The Central Economic Region (Note: Центральный экономический район) is one of twelve economic regions of Russia.

Central Economic Region is located in the central portion of the European part of Russia. A great number of automobile and railroads intersect on the territory of this region.

This flat, rolling country, with Moscow as its center, forms a major industrial region. Besides Moscow, major cities include Smolensk, Yaroslavl, Vladimir, Tula, Dzerzhinsky, and Rybinsk. Trucks, ships, railway rolling stock, machine tools, electronic equipment, cotton and woolen textiles, and chemicals are the principal industrial products. The Volga and Oka Rivers are the major water routes, and the Moscow–Volga and Don–Volga canals link Moscow with the Caspian and Baltic Seas. Many rail lines serve the area.

==Composition==
The Central Economic Region comprises the following federal subjects, all of which are in the Central Federal District:

- Bryansk Oblast
- Ivanovo Oblast
- Kaluga Oblast
- Kostroma Oblast
- Moscow Oblast
- Oryol Oblast
- Ryazan Oblast
- Smolensk Oblast
- Tula Oblast
- Tver Oblast
- Vladimir Oblast
- Yaroslavl Oblast
- Federal city of Moscow

==Economy==
The Central Economic Region accounted for almost 32 per cent of the Russia's GRP in 2008. The region specializes in machine building, chemical and textile industries. Long-fibered flax, potatoes, and vegetables are the most typical of the region's agriculture. Cattle breeding for milking is also common.
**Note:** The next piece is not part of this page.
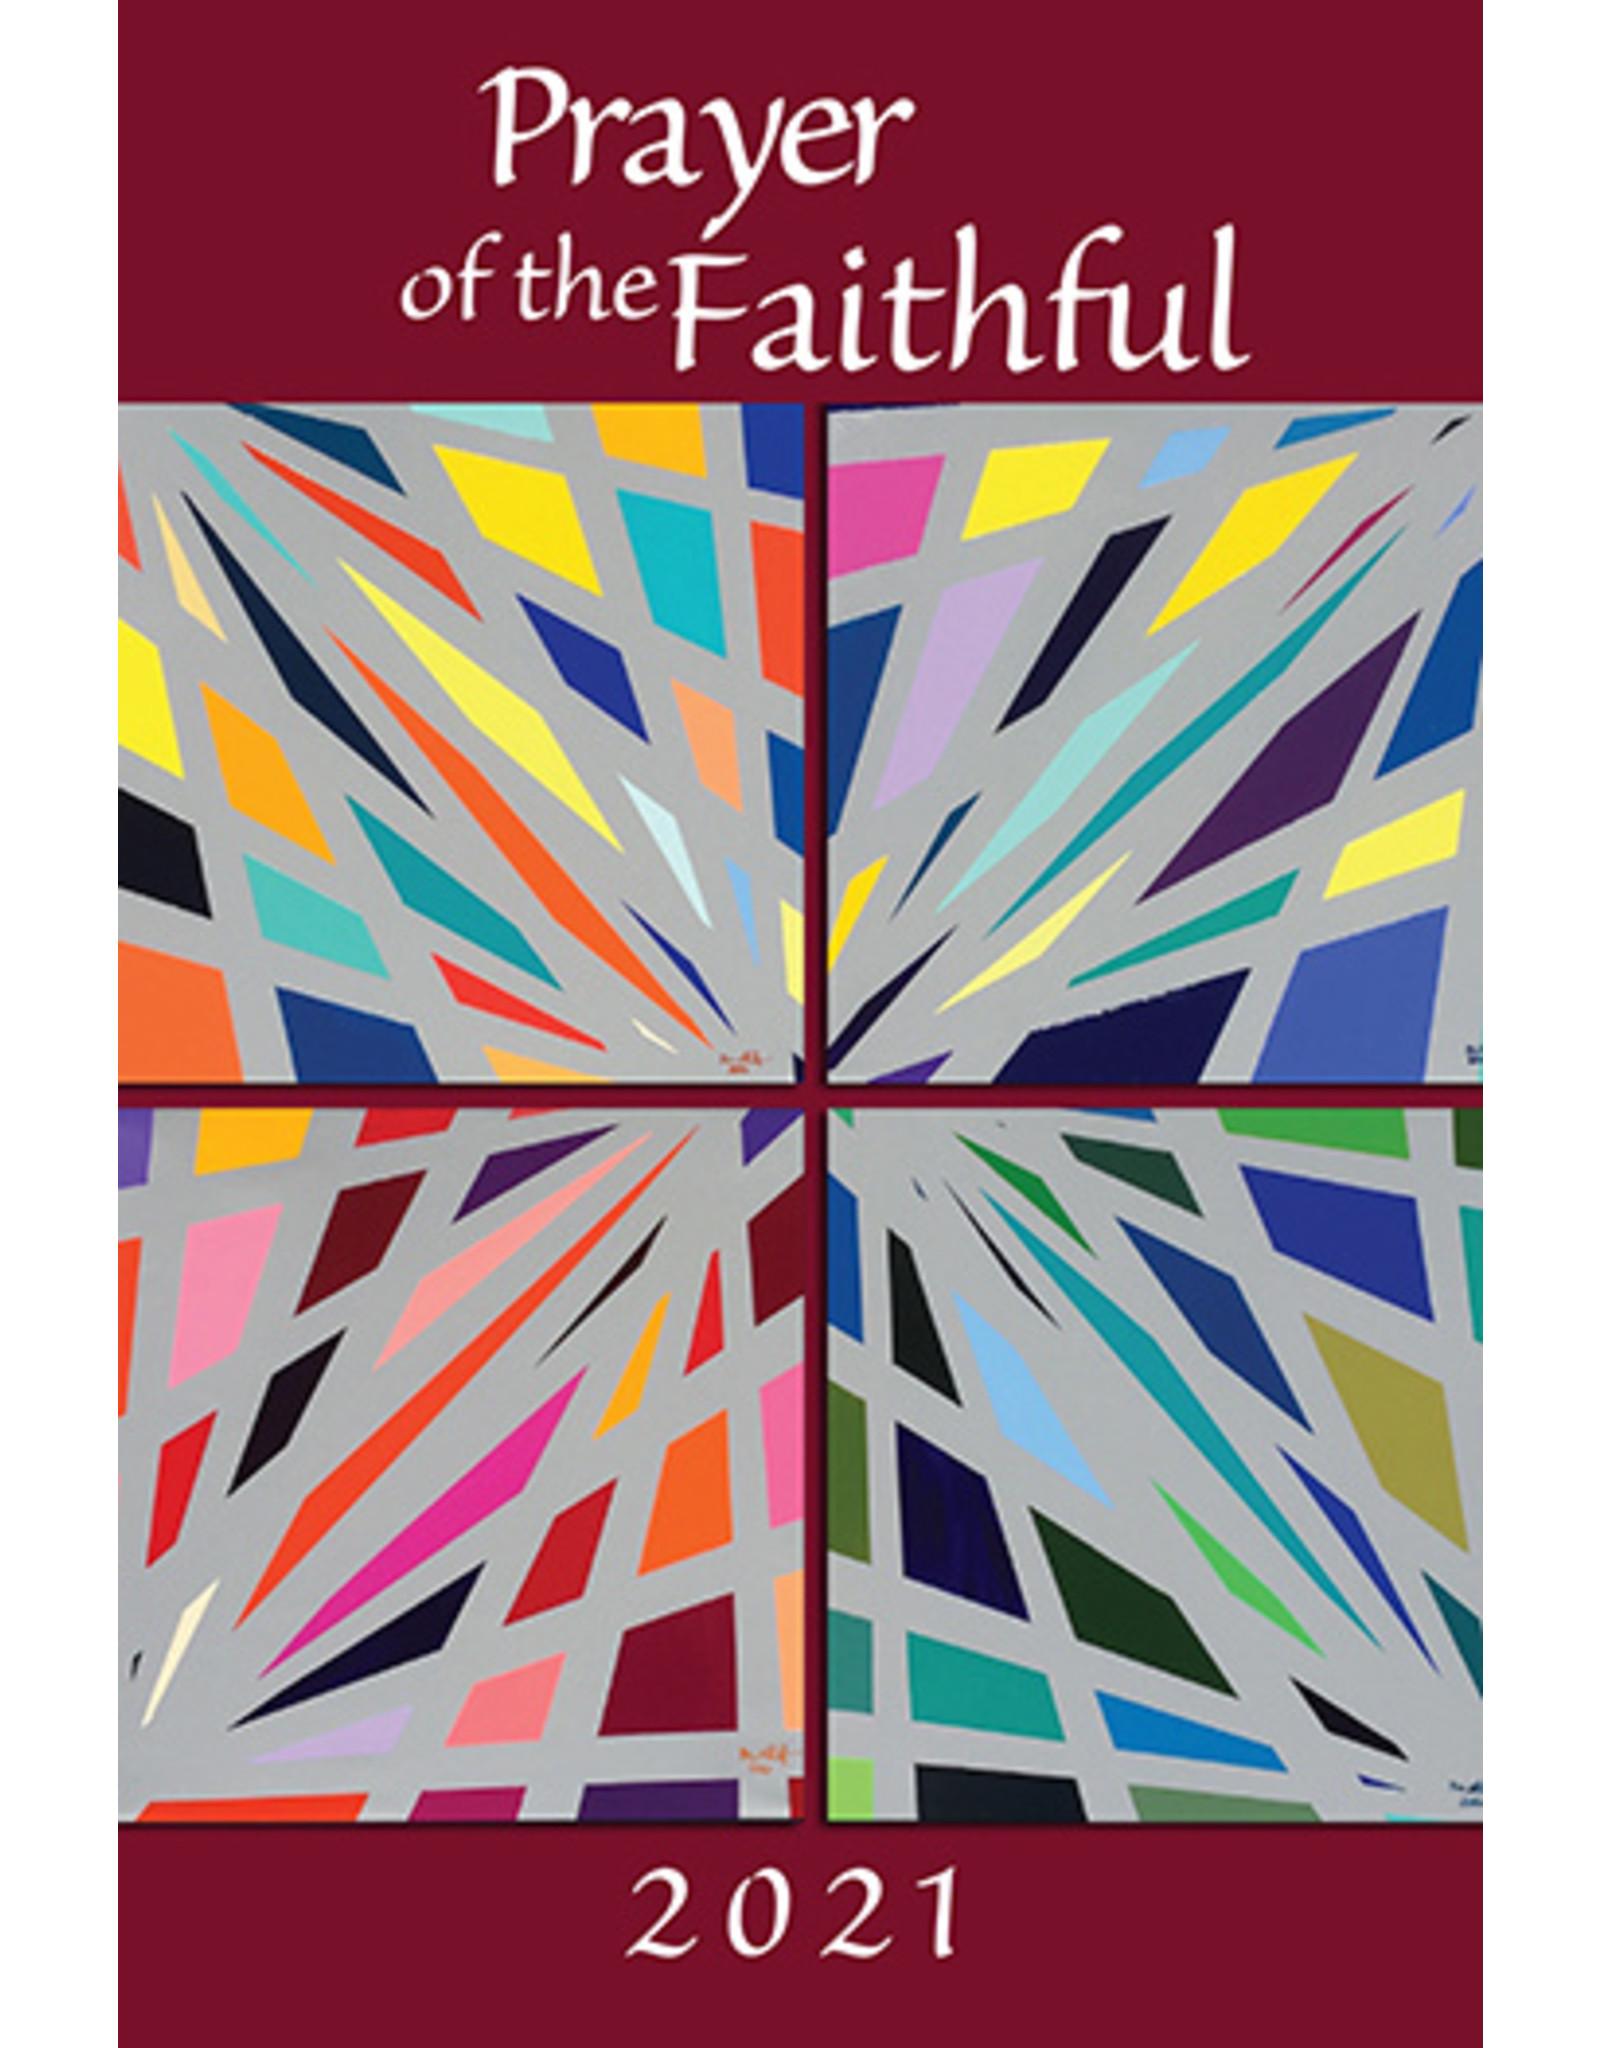 2021 PRAYER OF FAITHFUL

The machine building industry is mostly science-intensive. Instrument-making, radio, electrotechnic, and electronic production prevail. Companies manufacturing metal-working machines and instruments, steam boilers, turbines, current generators, and electric motors are concentrated in this region.

Cities of Bryansk, Moscow, and Serpukhov are the centers of car-building industry. Trains and train cars are manufactured in Kolomna, Lyudinovo, and Murom. Rybinsk is a shipbuilding center of the region. Tractors and other agricultural machinery are produced in Bezhetsk, Lyubertsy, Ryazan, Tula, and Vladimir.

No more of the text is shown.